Hey everyone. I was wondering if any one had any idea of what the actual cost to attend was? I was waitlisted and I am not sure if I can afford not getting any financial help. Thank you and congrats to those who got in and those who had the courage to apply.


----------



## StarChild (Mar 23, 2018)

Frankie Bones said:


> thanks!
> 
> p.s. those 212 area code calls are probably a good sign -- fingers crossed for you!


Thanks! It worked out and I found out yesterday I got in! I can’t wait!!! Best of luck with your apps!


----------



## StarChild (Mar 23, 2018)

LSmith55 said:


> Hey everyone. I was wondering if any one had any idea of what the actual cost to attend was?
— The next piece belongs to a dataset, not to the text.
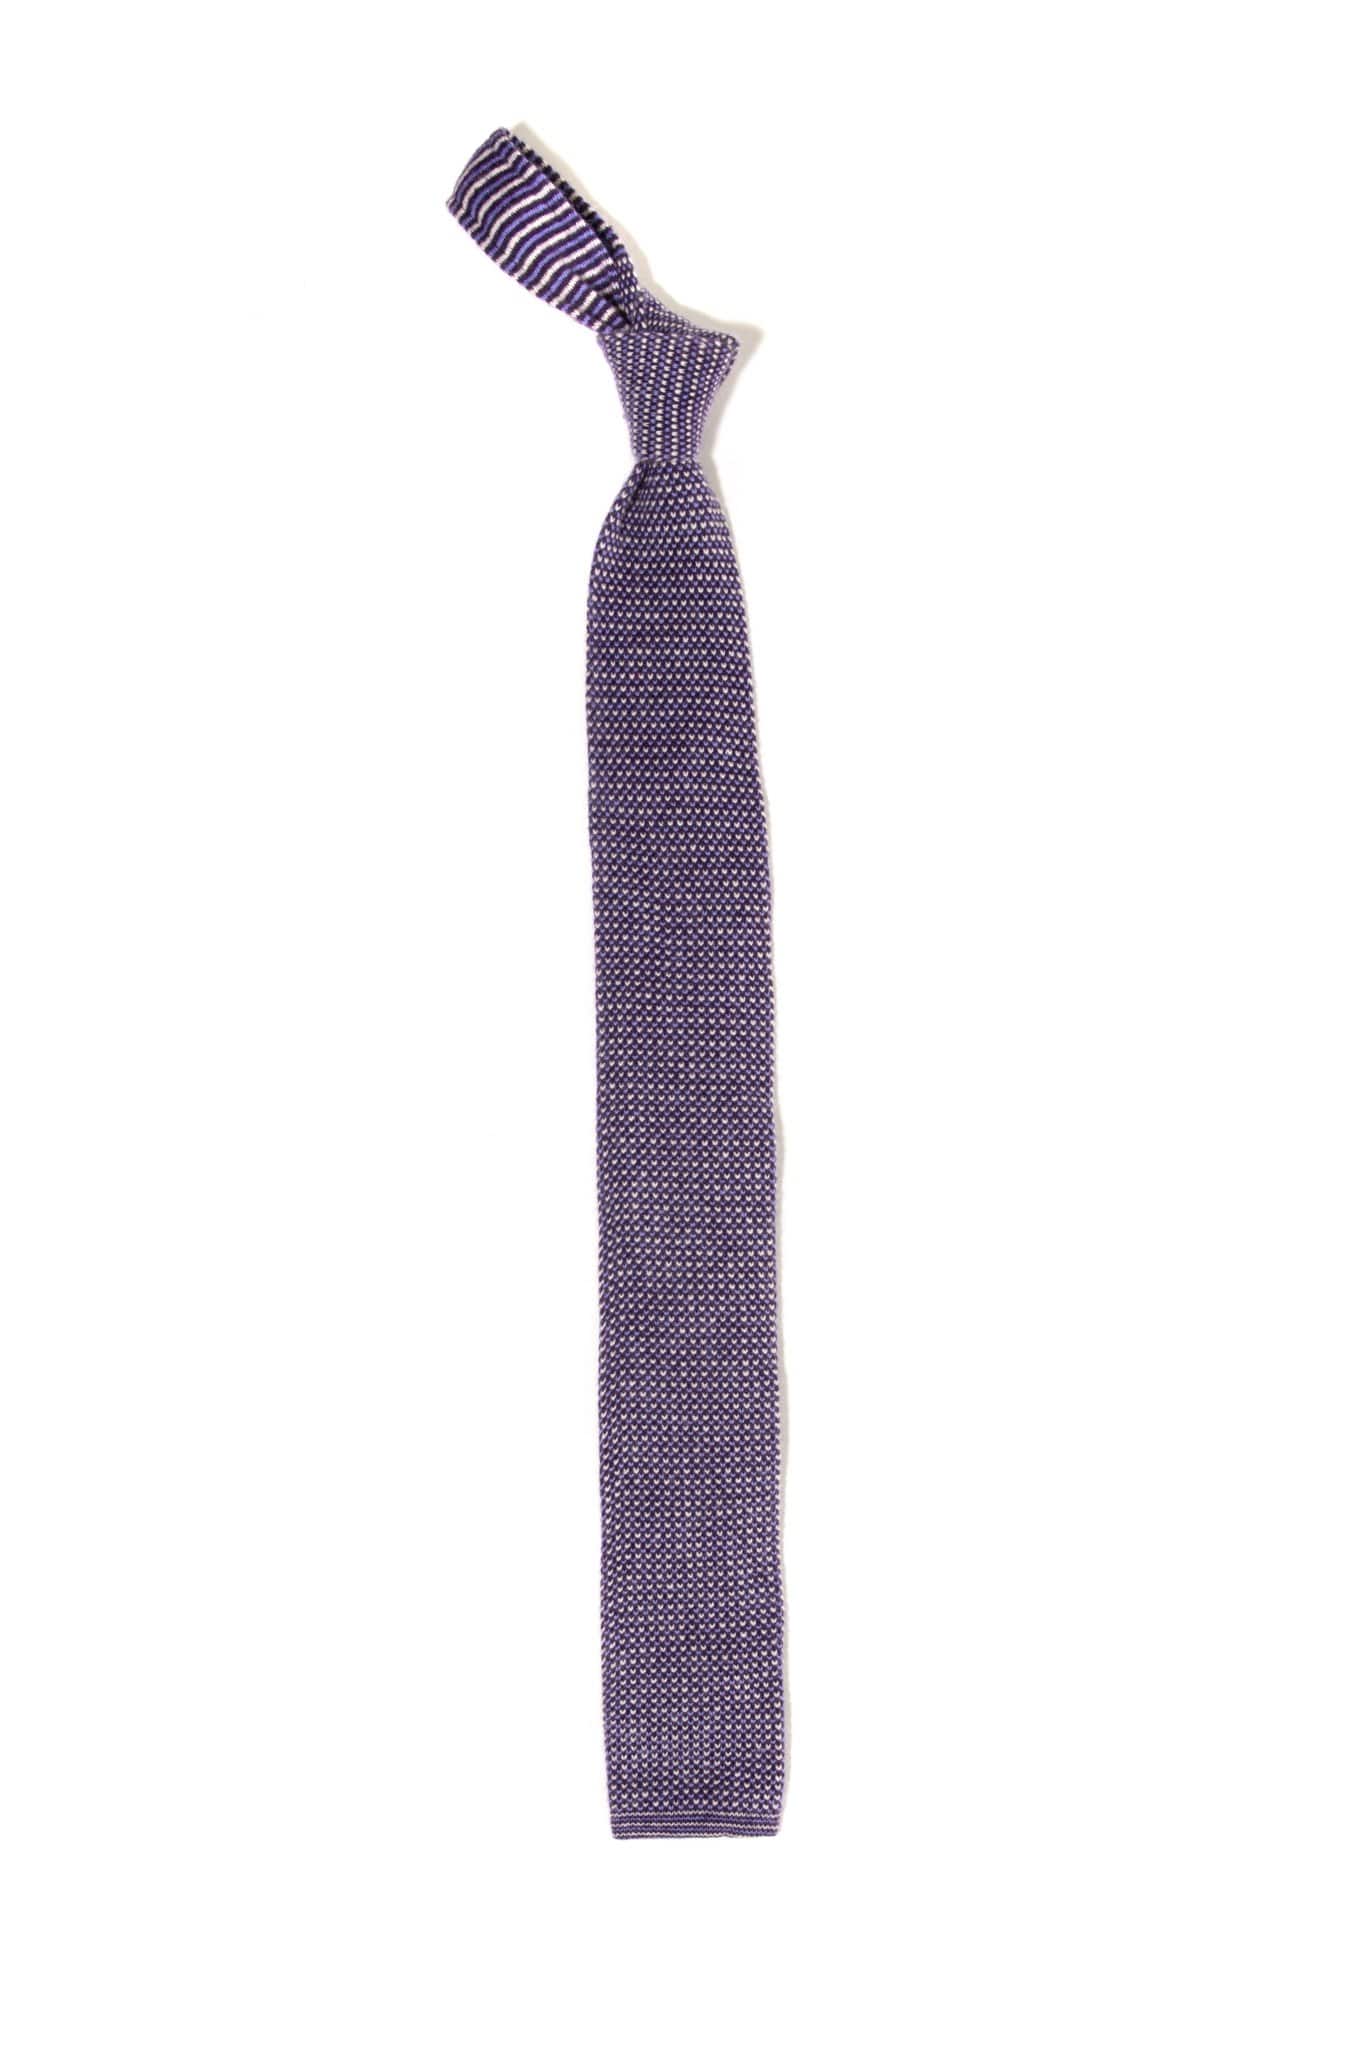 Petronius Cashmere Knitted Ties | Mens - Accessories - Ties | Petronius

I was waitlisted and I am not sure if I can afford not getting any financial help. Thank you and congrats to those who got in and those who had the courage to apply.


It’s quoted at about 30k a year (before living expenses roughly 50 with. Look at the website Tisch School of the Arts Graduate 2017-2018
and also consider if you have any of the extra fees listed here Tuition & Fees (if you’re a production student for example) and the student health insurance if that applies to you. 

Best of luck with all of it!


----------



## Frankie Bones (Mar 24, 2018)

Cdemon said:


> Thanks! It worked out and I found out yesterday I got in! I can’t wait!!! Best of luck with your apps!



WOW!!!   Awesome!   Glad to hear you got some good news from the 212 

I actually happen to live right near NYU so always feel free to PM me if you would like tips on housing, the neighborhood, etc.


----------



## eastcoaster2018 (Mar 25, 2018)

I got wait listed! In retrospect, the first thing my interviewer said to me was that she thought I was too young and would be better of trying my hand at actually writing and submitting to competitions/playhouses before going in for an MFA. Anyone else get wait listed? Or get off the wait list?


----------



## Deleted member 20595 (Mar 25, 2018)

Cdemon said:


> What was the area code he called from? Was it 212? I have a few missed calls and am wondering if one may be from him. Stupid policy of not answering numbers I don’t know! Thanks



Sorry I didn't reply to this sooner, but congrats on getting in!



Cdemon said:


> It’s quoted at about 30k a year (before living expenses roughly 50 with. Look at the website Tisch School of the Arts Graduate 2017-2018
> and also consider if you have any of the extra fees listed here Tuition & Fees (if you’re a production student for example) and the student health insurance if that applies to you.
> 
> Best of luck with all of it!



Hold on, I thought it was 30 k per SEMESTER. Is it 30 k a year??? Not that that's cheap, but I thought it was literally twice as expensive if that was the case and would RADICALLY change my financial situation.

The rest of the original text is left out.